# Sony introduces the world’s toughest and fastest SD Card



## Canon Rumors Guy (Aug 28, 2018)

> Sony today announced a brand new innovation in storage media with the launch of the “*SF-G **series **TOUGH** specification”*UHS-II SD card. Addressing the needs of photographers who are reliant upon their photographs remaining safe when their SD cards are removed from the camera, the new *SF-G **series** TOUGH **specification*range combines the world’s fastest read and write speeds with an ultra-rugged design that is bend proof to 180N, and drop proof to 5 metres. For photographers who are fighting against the elements to get the perfect shot, the *SF-G **series **TOUGH **specification* range of SD cards are also waterproof with an IPX8 rating and dustproof with an IP6X rating.
> 
> The new *SF-G **series **TOUGH**specification* range of SD cards are 18 times stronger than the SD standard[ix] with world’s first monolithic structure (one-piece molding, no empty space in the card) and materials of high-grade...



Continue reading...


----------



## scyrene (Aug 28, 2018)

Cool. One thing I'm intrigued about is the 'drop proof' stat.

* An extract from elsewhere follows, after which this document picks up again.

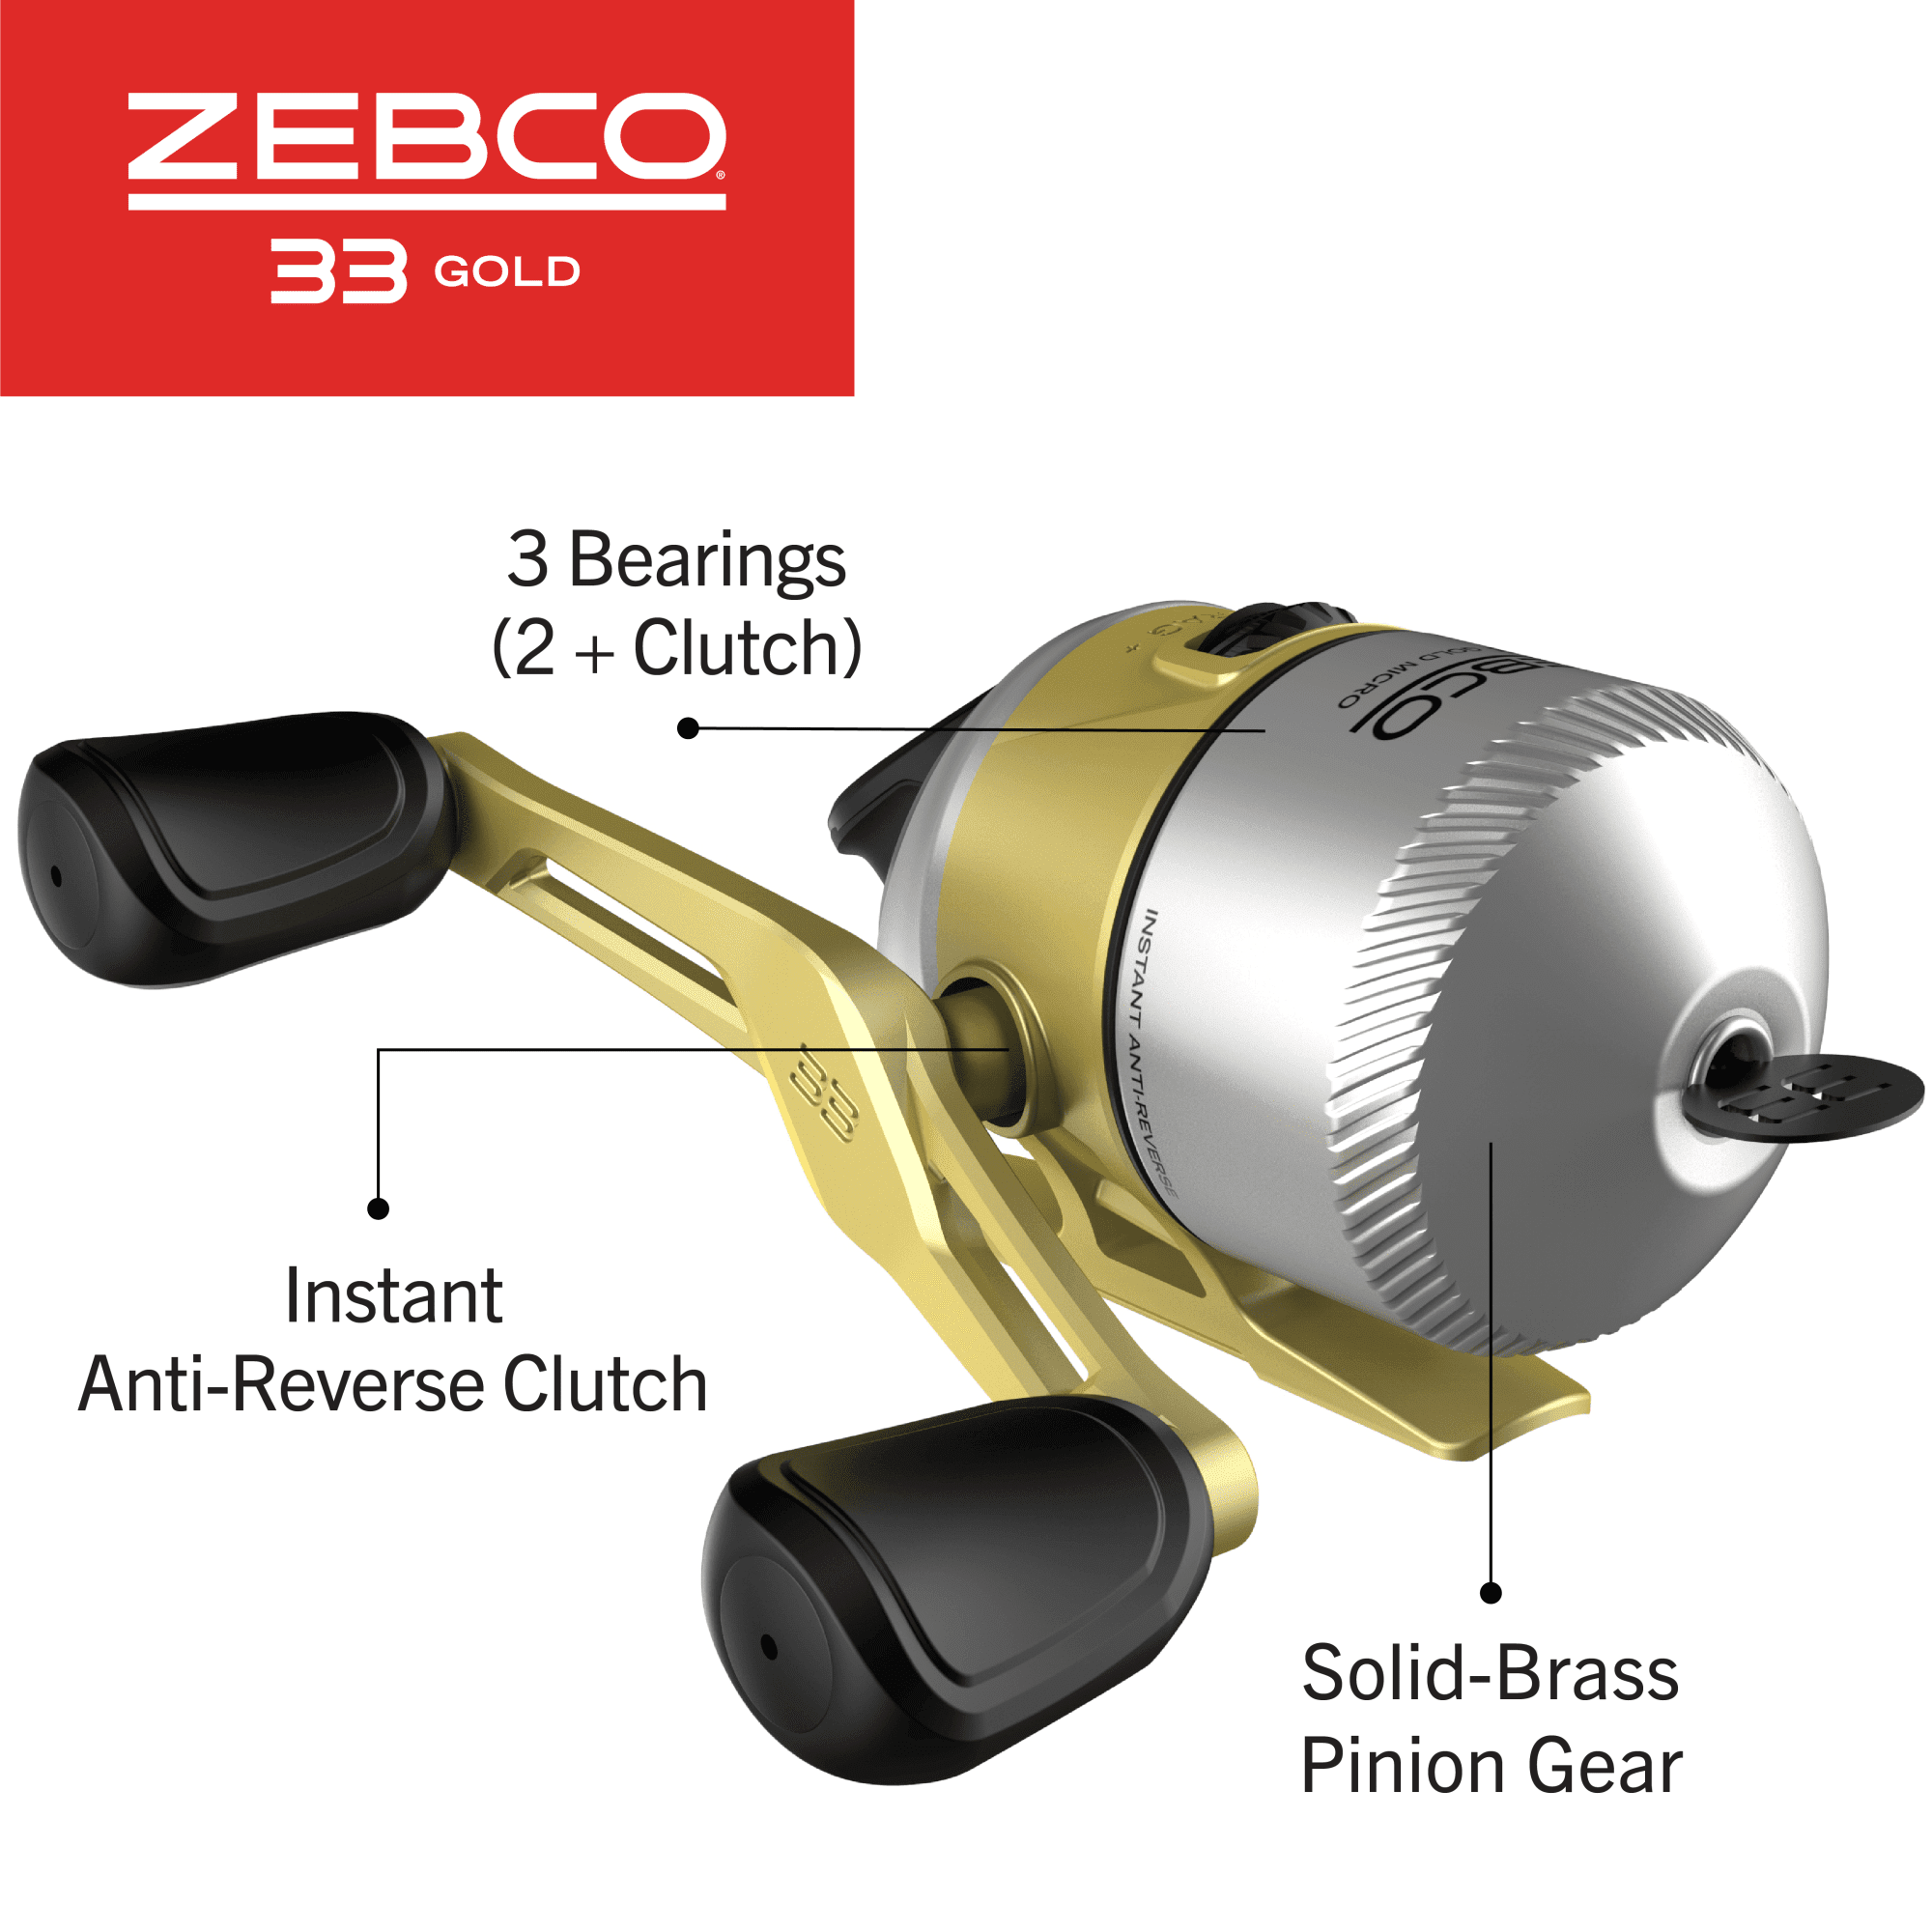 Zebco 33 Micro Trigger Spincast Fishing Reel, Size 10 Reel
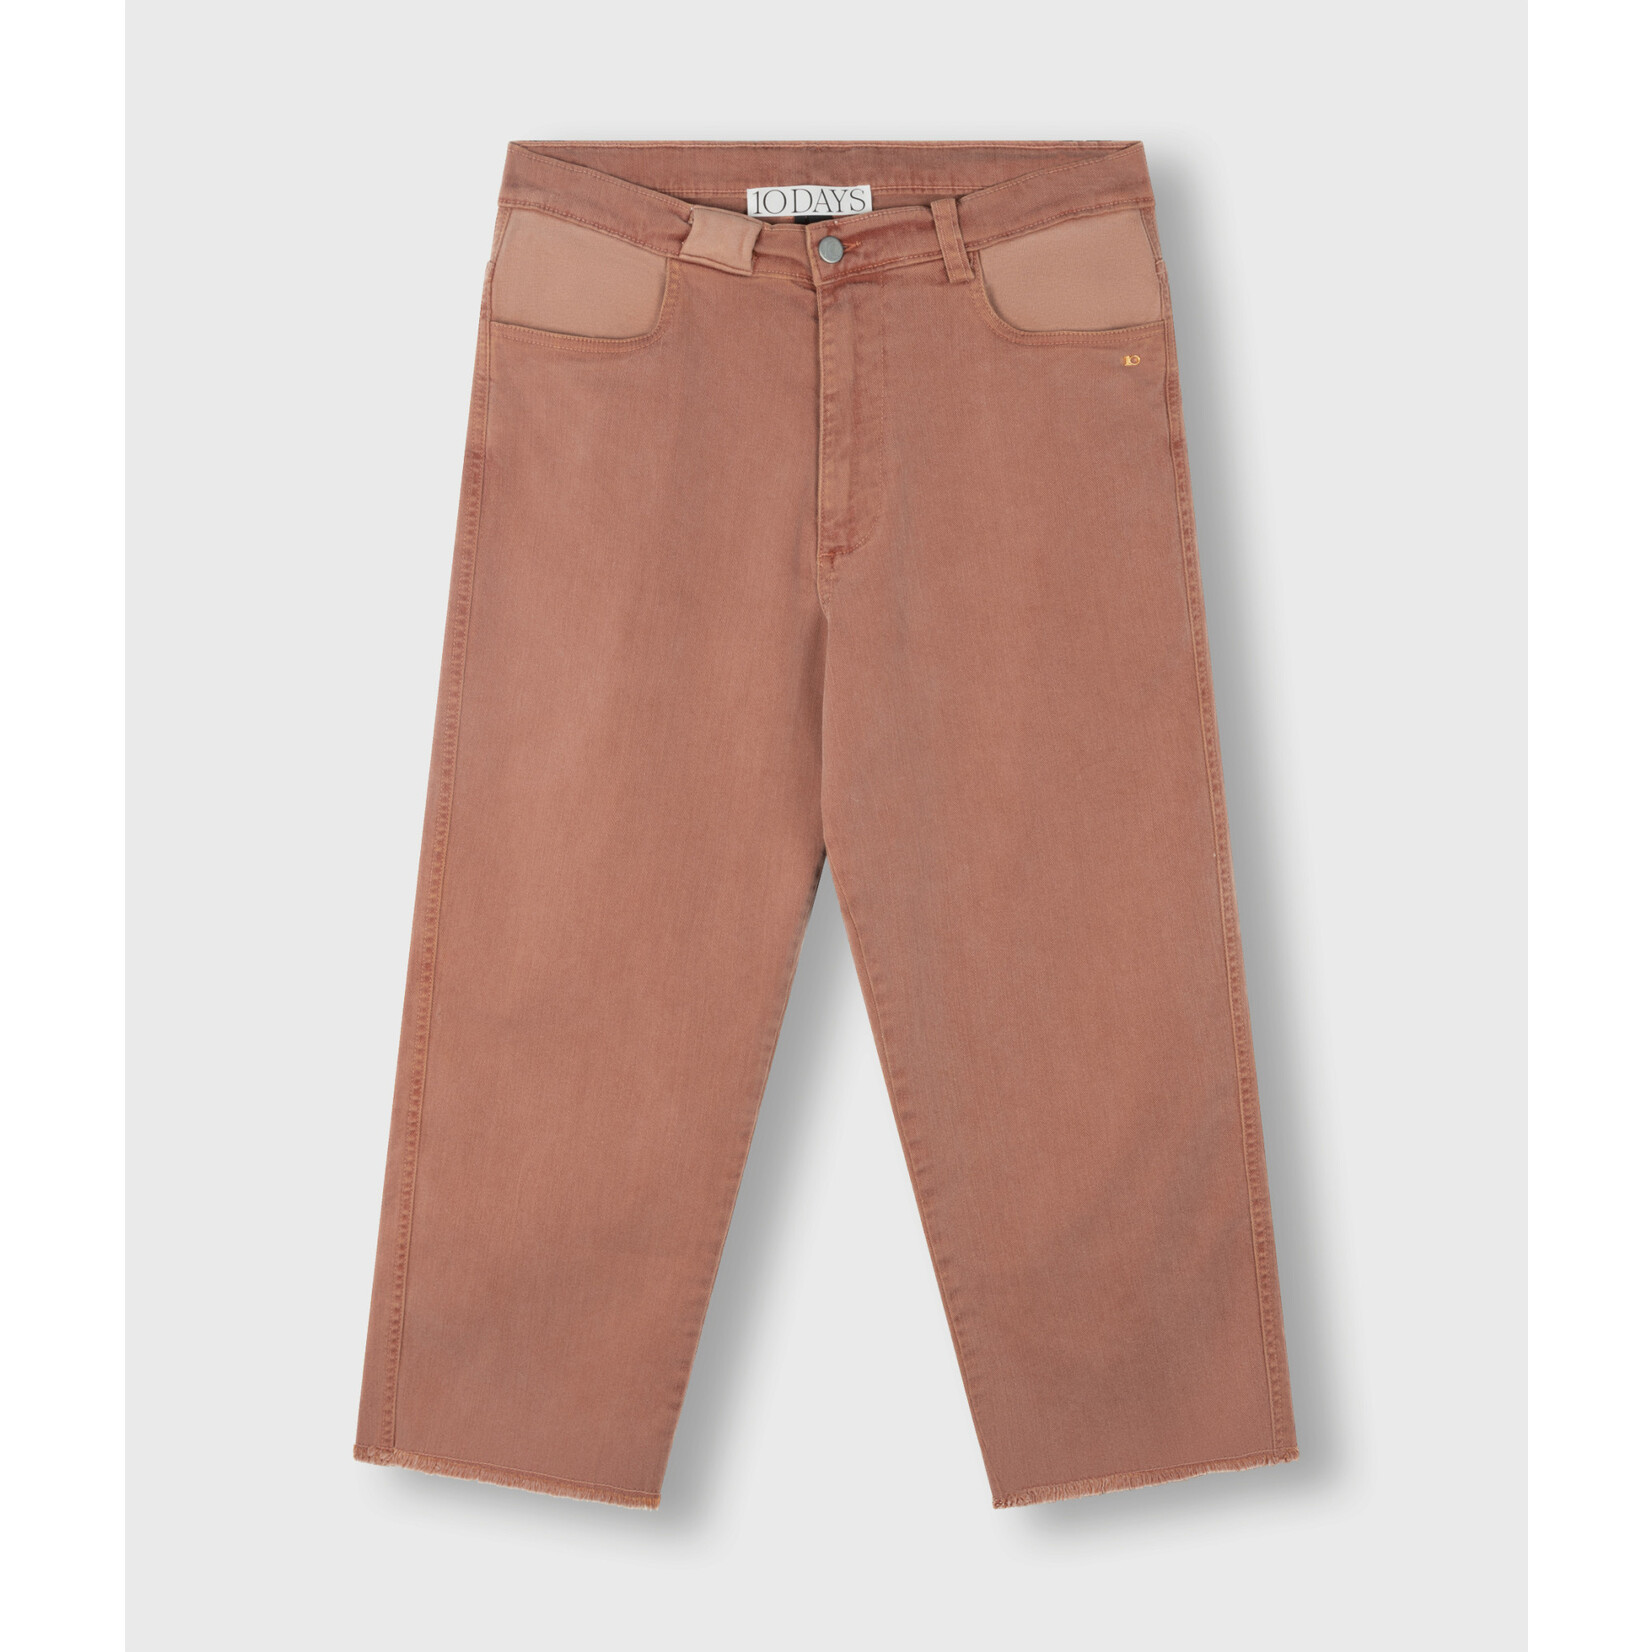 10Days Easy twill pants Saddle brown

Given SD cards have a relatively large surface area-to-weight ratio, surely on dropping them, they tumble down and it doesn't really matter the height?


----------



## Don Haines (Aug 29, 2018)

scyrene said:


> Cool. One thing I'm intrigued about is the 'drop proof' stat. Given SD cards have a relatively large surface area-to-weight ratio, surely on dropping them, they tumble down and it doesn't really matter the height?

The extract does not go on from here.